● **Source material**

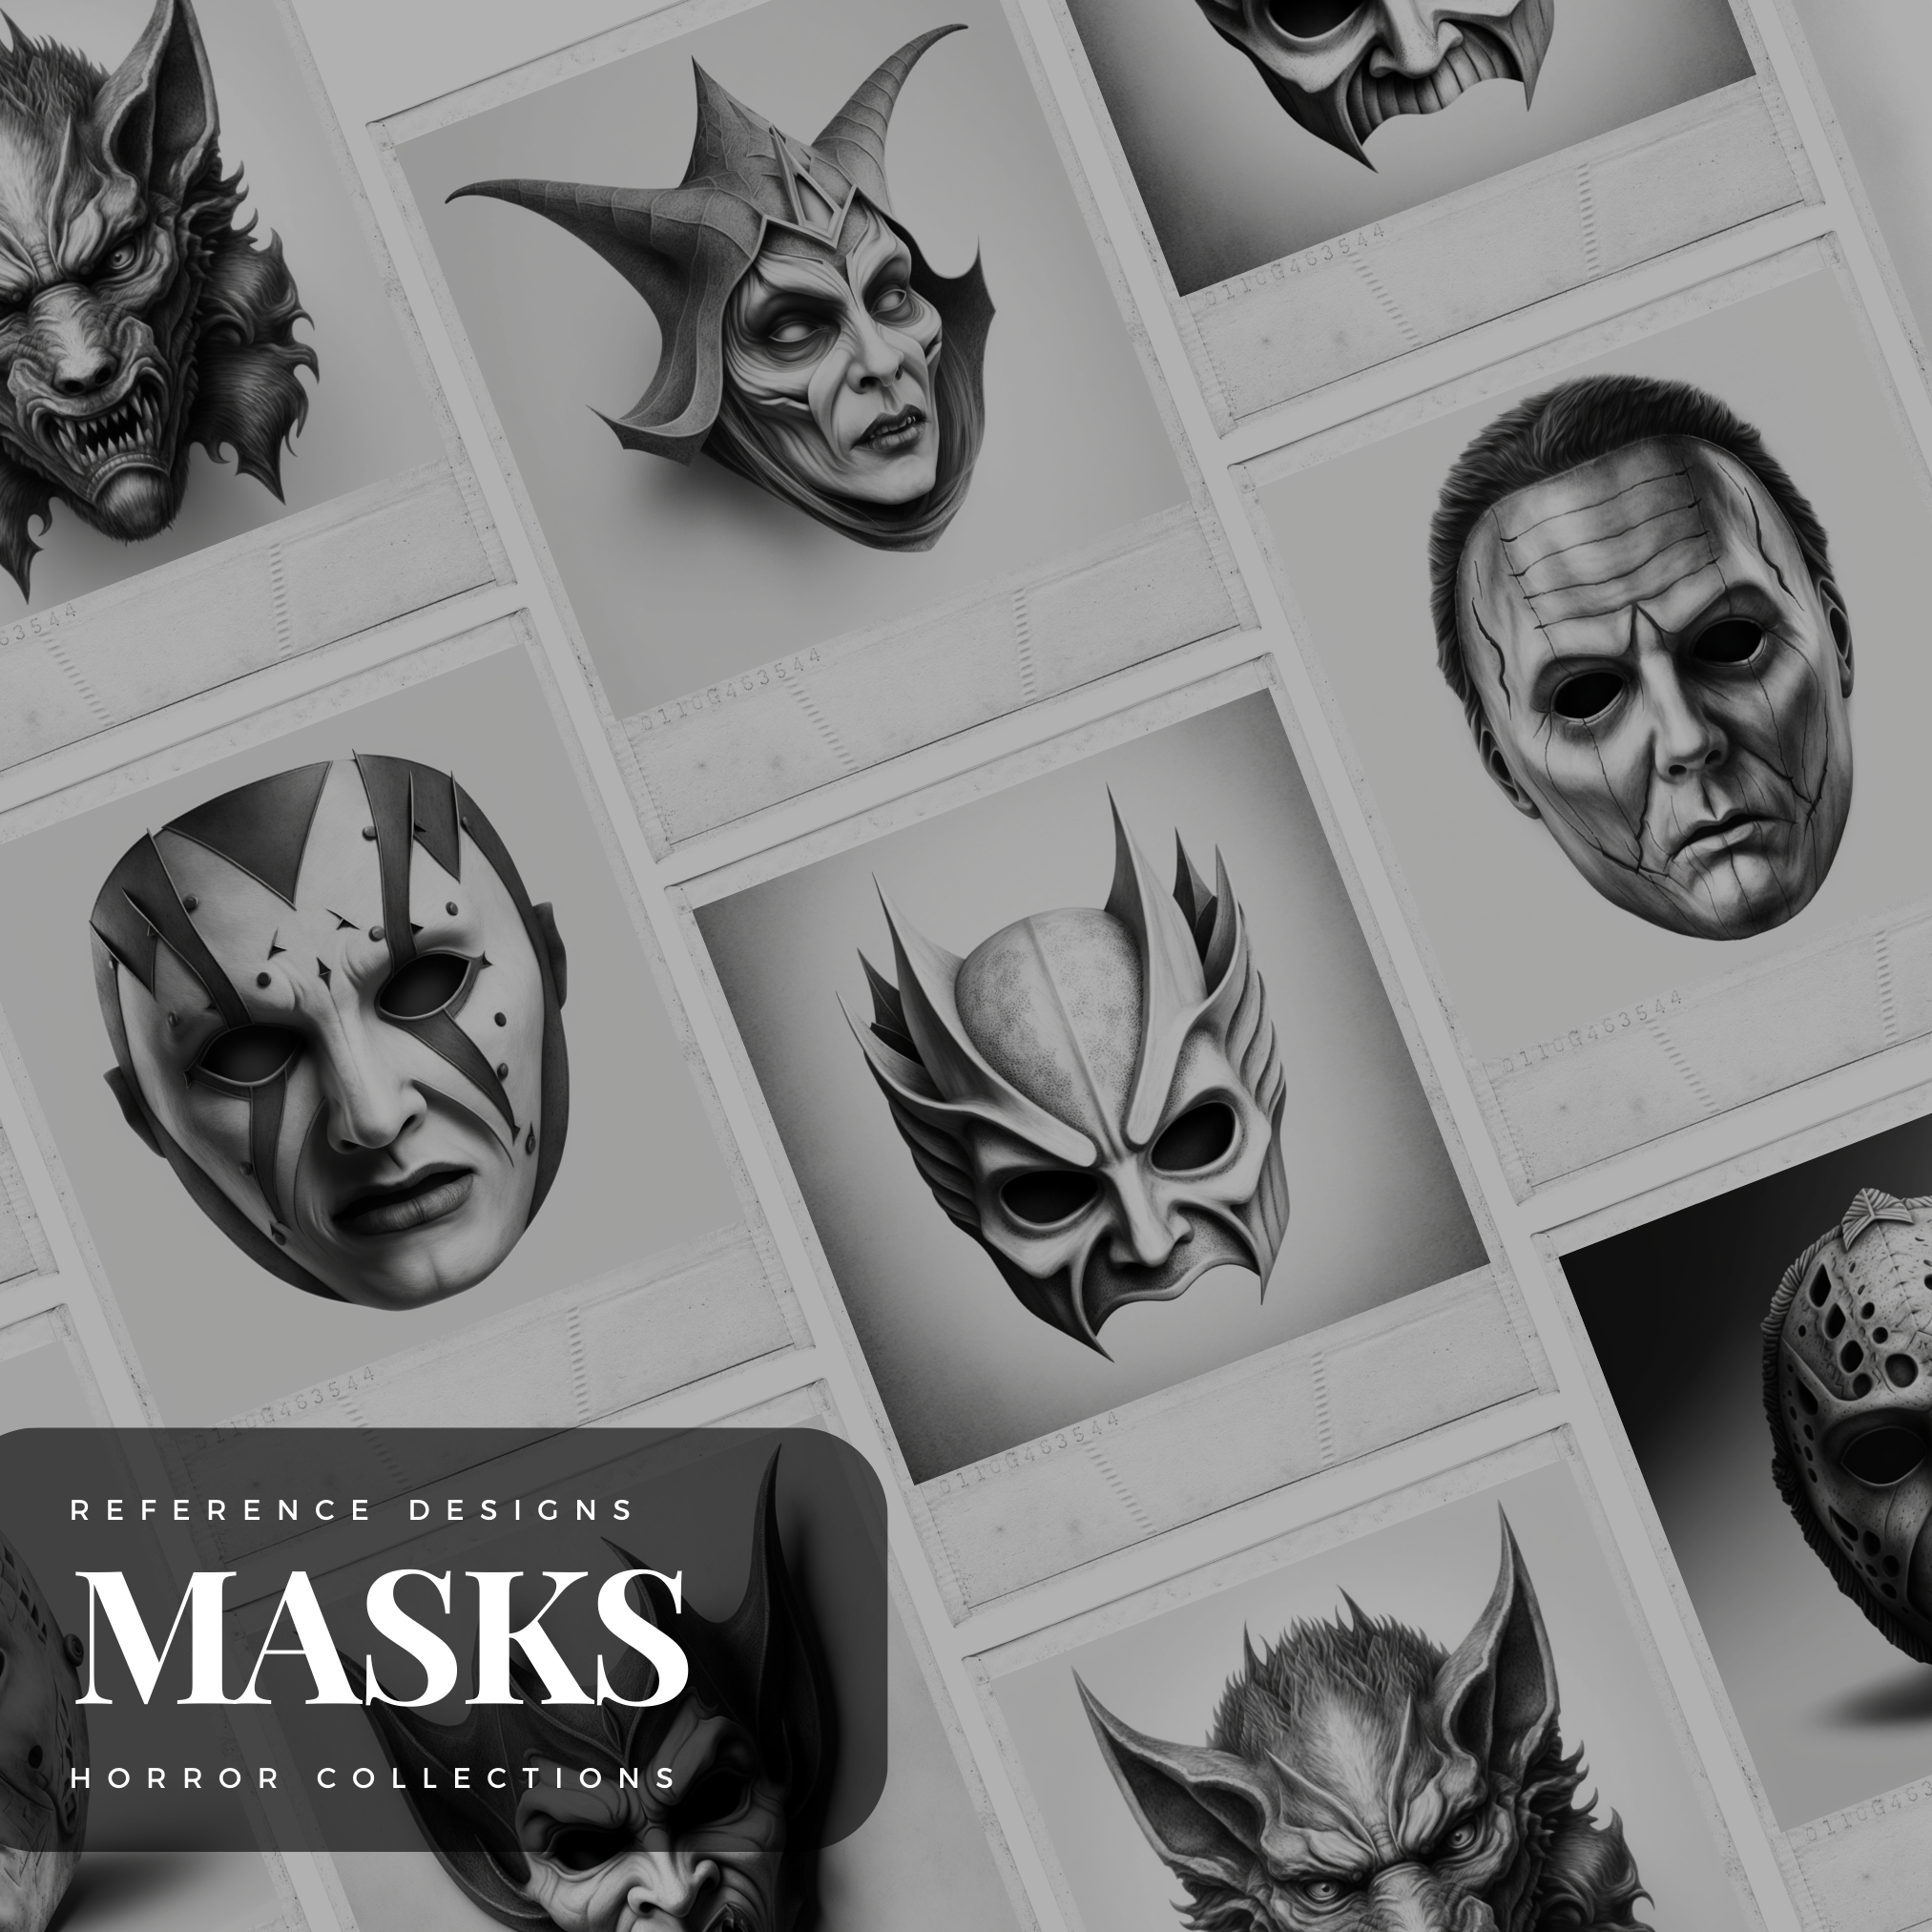 Halloween Masks Digital Reference Design Collection: 50 Procreate & Sketchbook Images
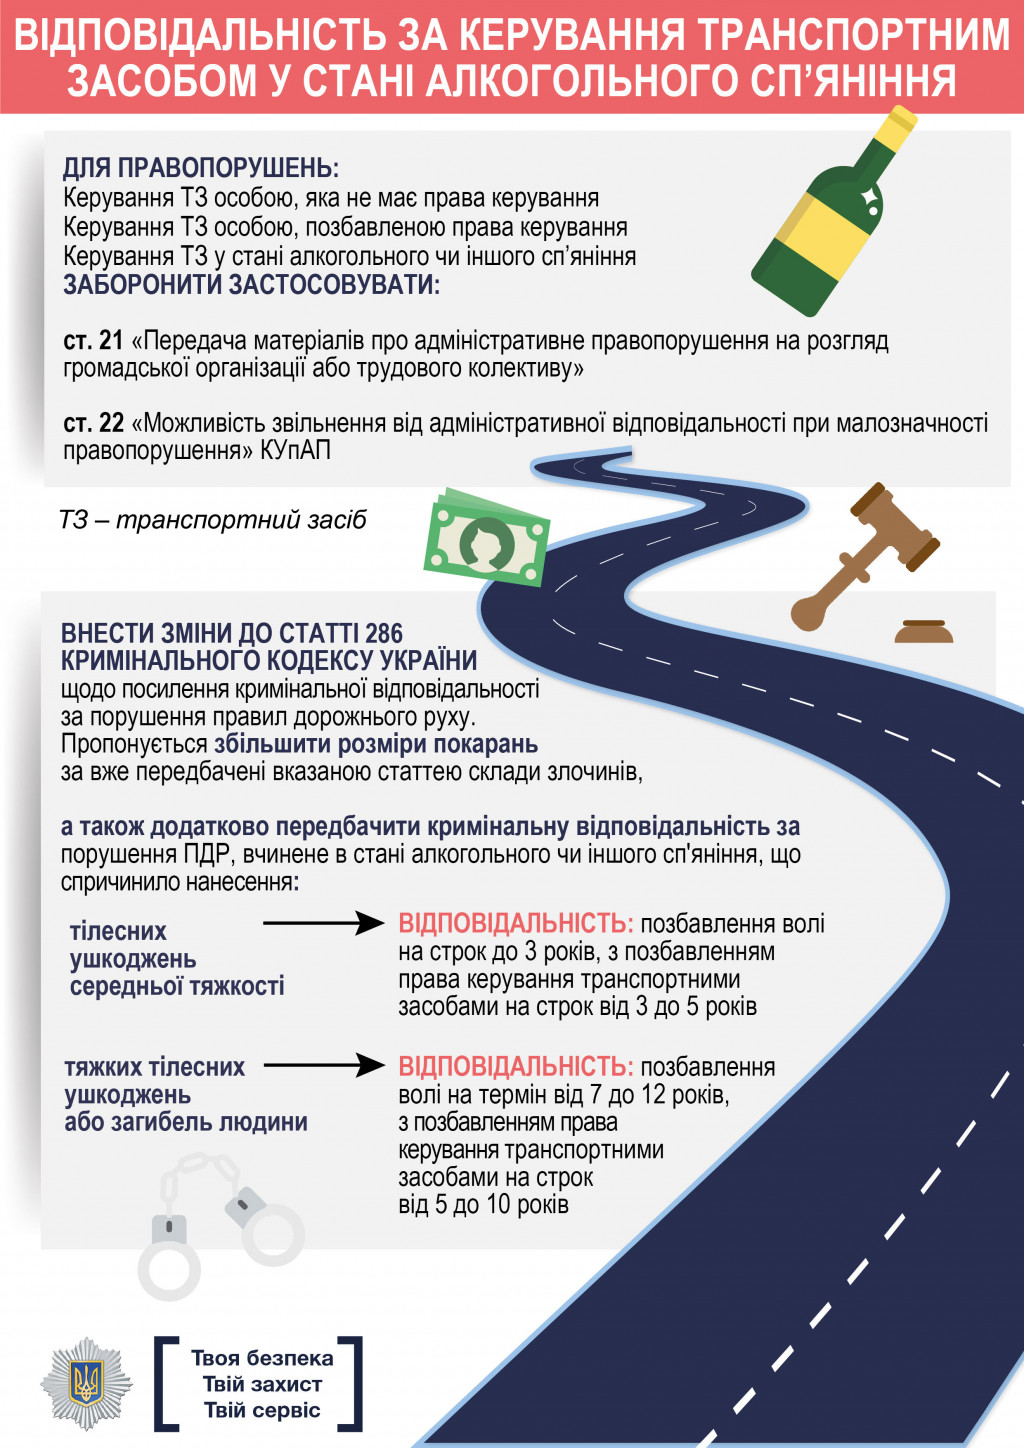 МВД пояснило тонкости новых ПДД (инфографика)
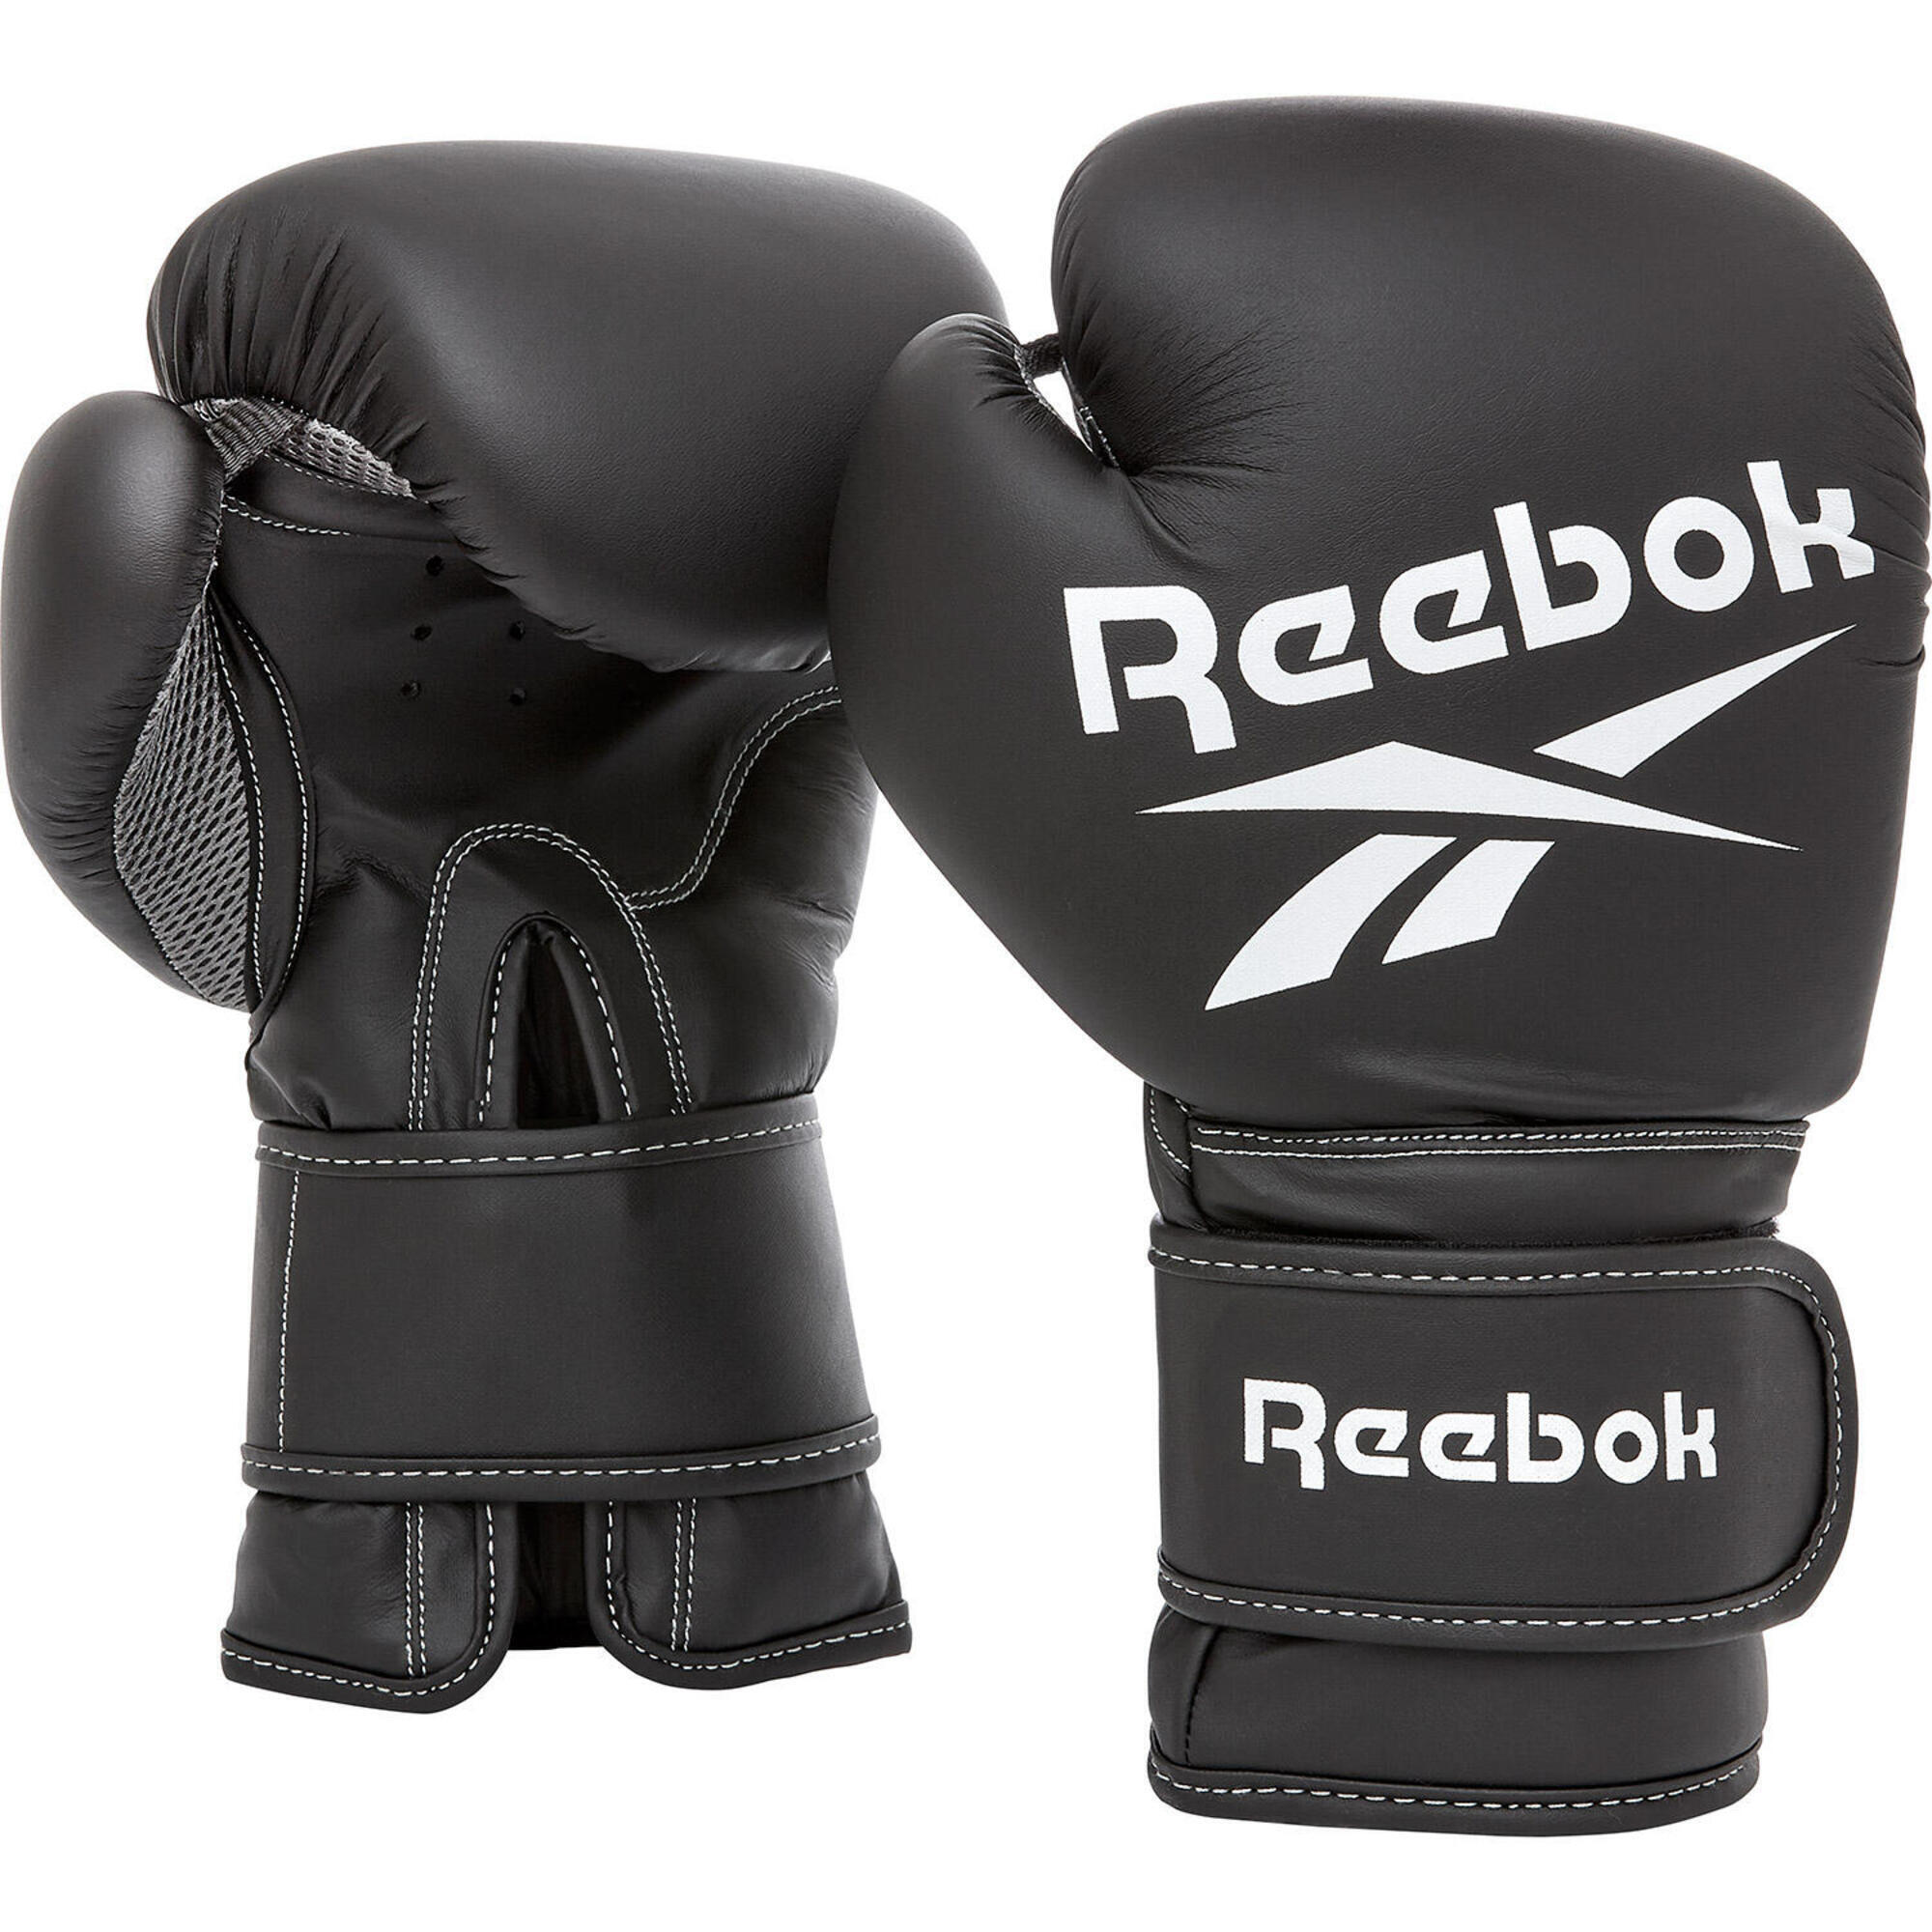 Боксерские перчатки Reebok золотисто-черные 10 унций, черное золото боксерские перчатки twins special bgvla 2 black white 16 унций

● **Assigned task**
Send back the data above verbatim, leaving out its pictures.

● **Solved exercise**
 Halloween Masks Digital Reference Design Collection: 50 Procreate & Sketchbook Images
 МВД пояснило тонкости новых ПДД (инфографика)
 Боксерские перчатки Reebok золотисто-черные 10 унций, черное золото боксерские перчатки twins special bgvla 2 black white 16 унций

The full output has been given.